A light dawned. "Yes," I said. "So what?"

"Well, I'd always had it in the back of my mind, too; but I gave up on it about ten years ago. But of course with mass-reducers, the whole thing would be a perfect cinch. I'm willing to bet there's an old Apollo space module hanging around somewhere, and there's certain to be one of the old rockets in mothballs. If we could talk these guys into arranging for us to use that for a tester, then we could fly all around the solar system on the fuel in one of those things. We could stay up for months! And they'd have no security problems with the two of us up there, and down here only Michele to worry about--"

"Hold it right there!" she broke in. What makes you think I'm just going to sit here knitting while you two go on a junket around the universe?"

"What difference does it make?" I said. "We'd never be able to persuade them."

"Don't be too sure of that," said Mike. "There were a couple of lectures at the meeting there about some radio signals that looked like what those kooks have been listening for--you know, not natural bursts of noise, but patterned, and very faint--coming from of all places Jupiter, and probably the Great Red Spot.

"Now as far as we know, that planet is nothing but a sea of hydrogen and some methane and ammonia, and the Red Spot is just turbulence; but nobody really understands why it stays more or less the same. Anyhow, I put out a feeler that wouldn't it be interesting if something or someone could actually get down into it to find out if there's intelligent life there--and Keith actually sounded interested."

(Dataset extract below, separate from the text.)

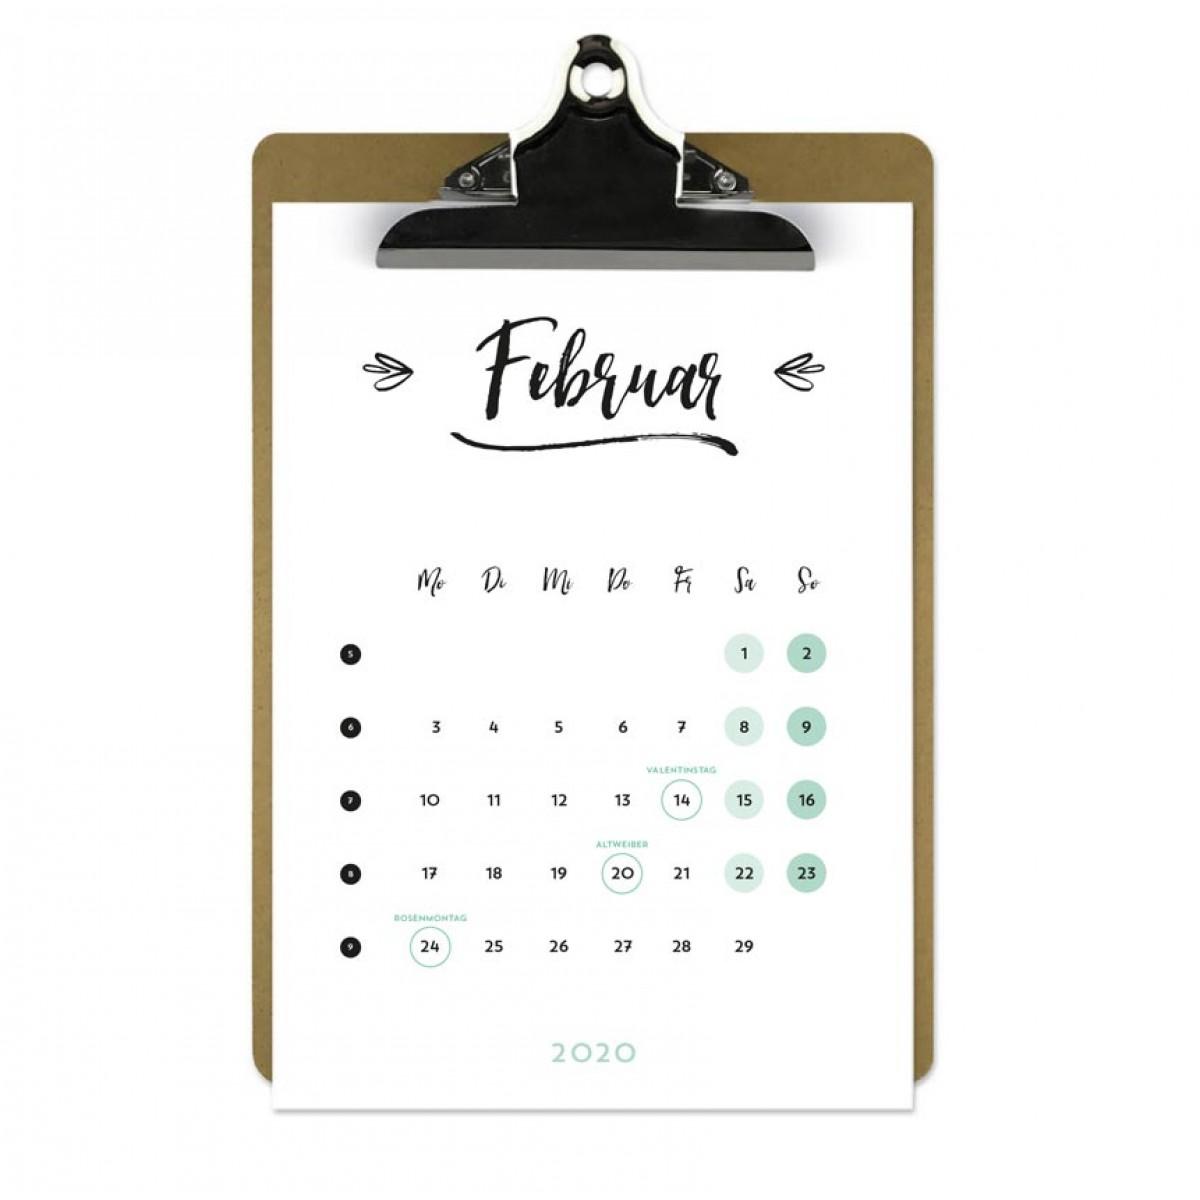 Jahresplaner 2020 mit Klemmbrett | Farbe: Rosa

"Intelligent life!" I said. "Good God, Mike!"

"Well what the hell," he said. "How's he to know? How're we, for that matter?"

"In liquid hydrogen and methane? On a planet where we'd weigh a thousand tons?"

"Exactly. If we had our present mass. See, the neat thing about a non-scientist is that he has no idea that something like this is absolutely ridiculous. I mean, those guys will believe anything at all is possible, as long as a scientist says it is, and especially if the scientist can show them a forty-page equation. And as a matter of fact, we could get into Jupiter's Red Spot, and we could look around and see what makes it tick. So they think we're looking for intelligent life. Let 'em. It won't be the first scientific expedition that came back with results that weren't what it was looking for."

"I think it's worth a try, Paul," said Michele. "I suppose this Jackson person is going to get in touch with you?"

"Oh, he'll be in contact. He didn't say how, but he made it very clear that we'd be hearing from him--and that he was to be hearing from us."

"Okay, but there's just one little detail," she said. "Those Apollo modules, as I recall, hold three people, not two, and--A--you're not going to let anyone else in on this, if I can help it, and--B--I have no intention of staying home and letting you people have the fun."

"Fun! It'll be the most dangerous--"

""And what does my sex have to do with that? That was thrashed out thirty years ago, Mike. There's nothing that a woman can't do in those space ships; there were even women astronauts or whatever you call them back in the days of manned space flight. Besides, suppose there is life there on Jupiter; you'll need a biologist along. Nope. I'll grant that it's all a dream and we'll never get off the ground, but if it's a dream, I'm dreaming along with the two of you."

"Look, Michele, be sensible!"

"Sensible! The whole idea is crackbrained! I personally think it's so crackbrained it just might work. But don't you go telling me to be sensible!"

"For heaven's sake, you two!" I said. "What's the point of fighting about something that's bound never to happen?"

But they fought, of course, nonetheless, for several hours. That brought the afternoon back to normal.